๐๐ป๐๐ฒ๐๐ ๐ผ๐ป ๐ฐ๐ฟ๐๐ฝ๐๐ผ ๐๐ฟ๐ฎ๐ฑ๐ถ๐ป๐ด ๐๐ถ๐๐ต ๐ฎ ๐น๐ฒ๐ด๐ถ๐ ๐๐ฟ๐ฎ๐ฑ๐ฒ๐ฟ. ๐๐ป๐ฑ ๐ฒ๐ฎ๐ฟ๐ป ๐ฒ๐ป๐ผ๐๐ด๐ต ๐บ๐ผ๐ป๐ฒ๐ ๐๐ผ ๐ฐ๐ฒ๐น๐ฒ๐ฏ๐ฟ๐ฎ๐๐ฒ ๐ต๐ฒ ๐๐ฟ๐ฎ๐ฑ๐ฒ ๐ณ๐ผ๐ฟ ๐บ๐ฒ ๐ฎ๐ป๐ฑ ๐ถ ๐ต๐ฎ๐๐ฒ ๐๐๐ฐ๐ฐ๐ฒ๐๐๐ณ๐๐น๐น๐ ๐๐ถ๐๐ต๐ฑ๐ฟ๐ฒ๐ ๐๐ต๐ฒ ๐ฝ๐ฟ๐ผ๐ณ๐ถ๐๐ ๐ณ๐ฟ๐ผ๐บ ๐ต๐ถ๐บ ๐ฝ๐น๐ฎ๐๐ณ๐ผ๐ฟ๐บ ๐๐ฎ๐ ๐๐ผ ๐ฐ๐ผ๐ผ๐น ๐๐ถ๐๐ต๐ผ๐๐ ๐ฎ๐ป๐ ๐ฑ๐ฒ๐น๐ฎ๐ ๐ผ๐ฟ ๐ฑ๐ถ๐ณ๐ณ๐ถ๐ฐ๐๐น๐๐. ๐ฐ๐ผ๐ป๐๐ฎ๐ฐ๐ ๐ต๐ถ๐บ ๐ป๐ผ๐
Why watch a soap opera when you have all that in your backyard. . Yโall need God in your life and lots of therapy for everyone! God bless.
Walk away from all that. You deserve better friends and family. They donโt know the meaning of loyalty,honor or pride.
I feel like I was just transported back to HS . Your friend needs to grow up
Omg what is with almost all the comments being spam on this postโฆ
Cut all ties with both. Too much drama and that kid is gonna grow up the same
A lot of Drama, but no one would tell me who I could or couldnโt talk to or have at my house.
Iโm a little confused with what I just read.
Those poor children IT is pathetic that innocent kids are exposed to these things !!!
What is with all of the spam on this page itโs really starting to get bad. It also very annoying when you are trying to read the comments. I have been blocking but they seem to be getting more and more.
Can you just ignore everyone?

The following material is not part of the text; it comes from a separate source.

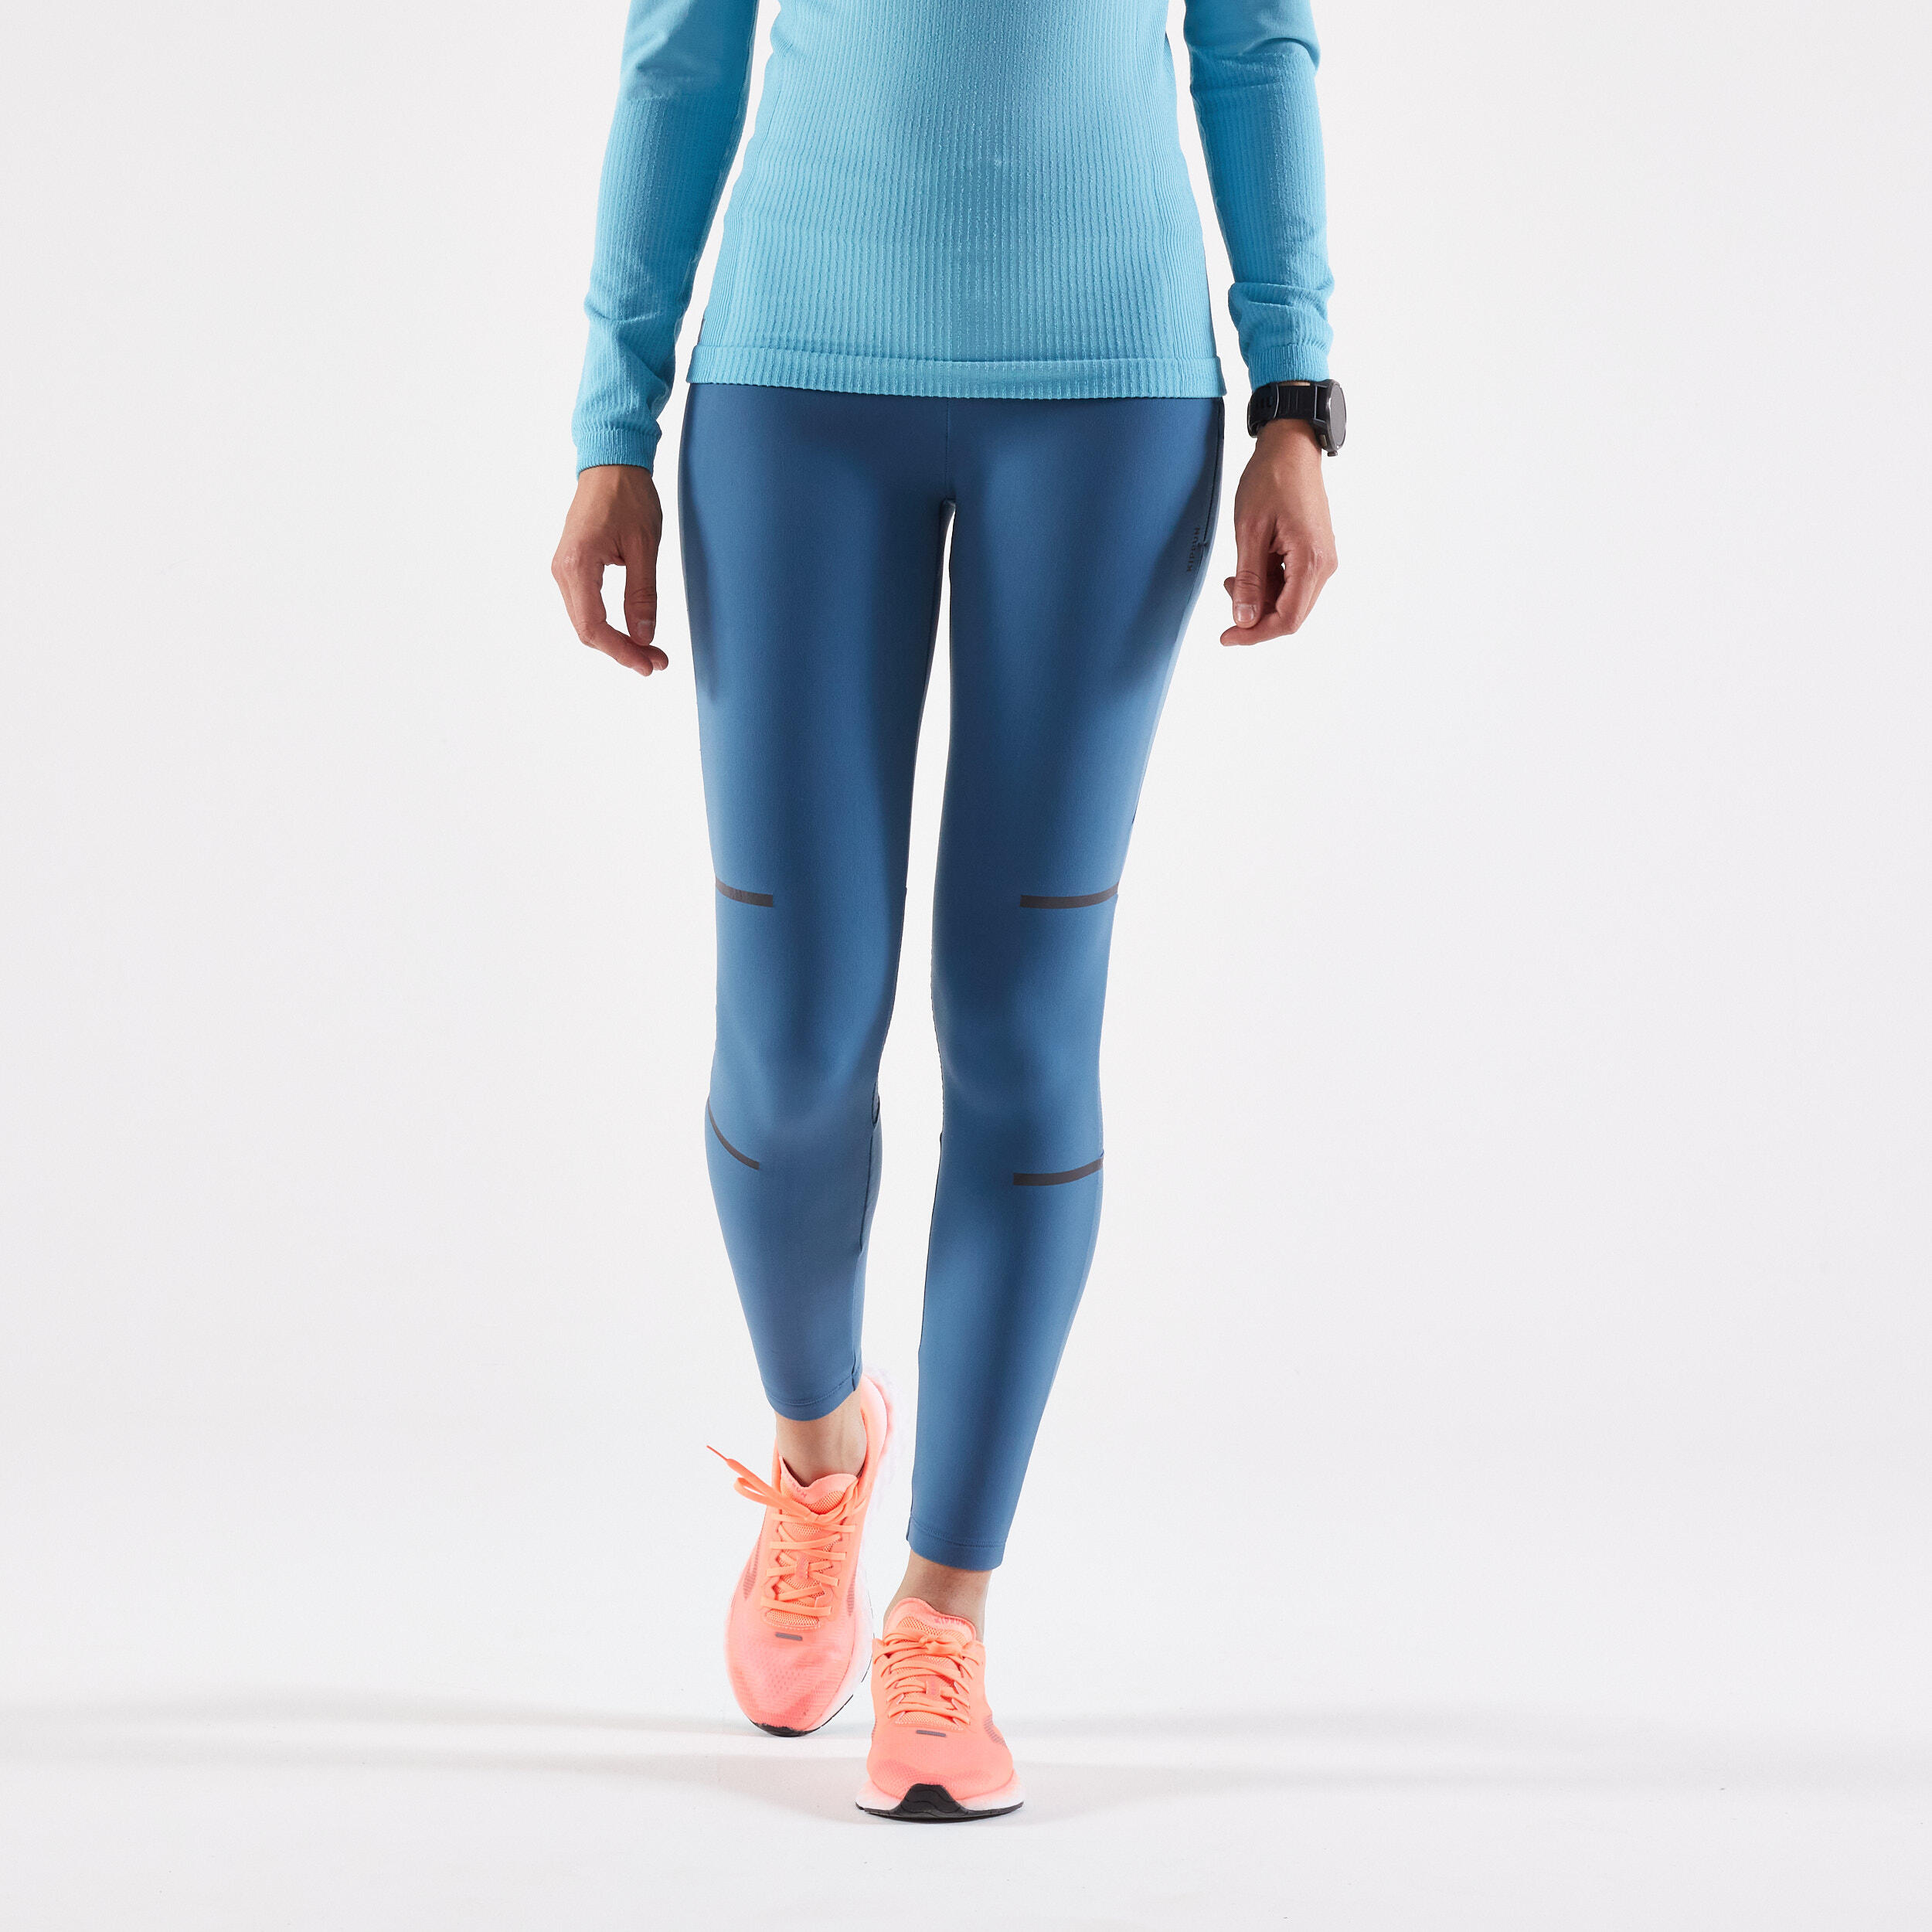 Decathlon Kiprun Warm Warm Running Tights - ShopStyle Trousers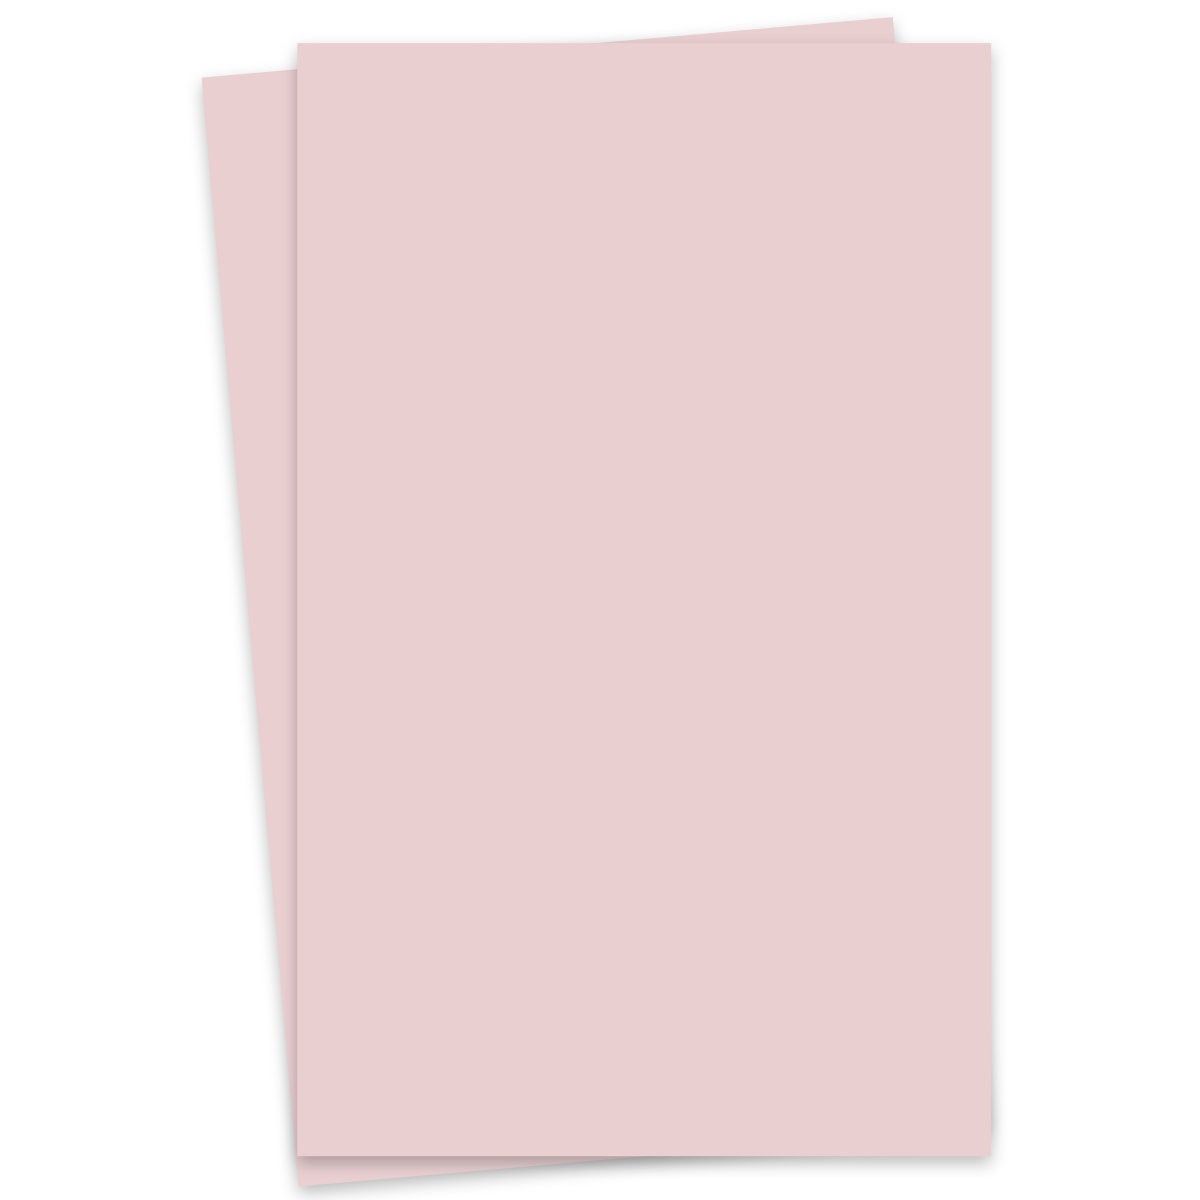 Burano Grey (12) - 11X17 Cardstock Paper - 92Lb Cover (250Gsm

It is too damn messy to be involved in all that if your friend still goes back to get bd then there is no point to any of the picking sides drama. And your friend invited the other friend to a threesome. That is all just a clown show at this point. Leave that circus.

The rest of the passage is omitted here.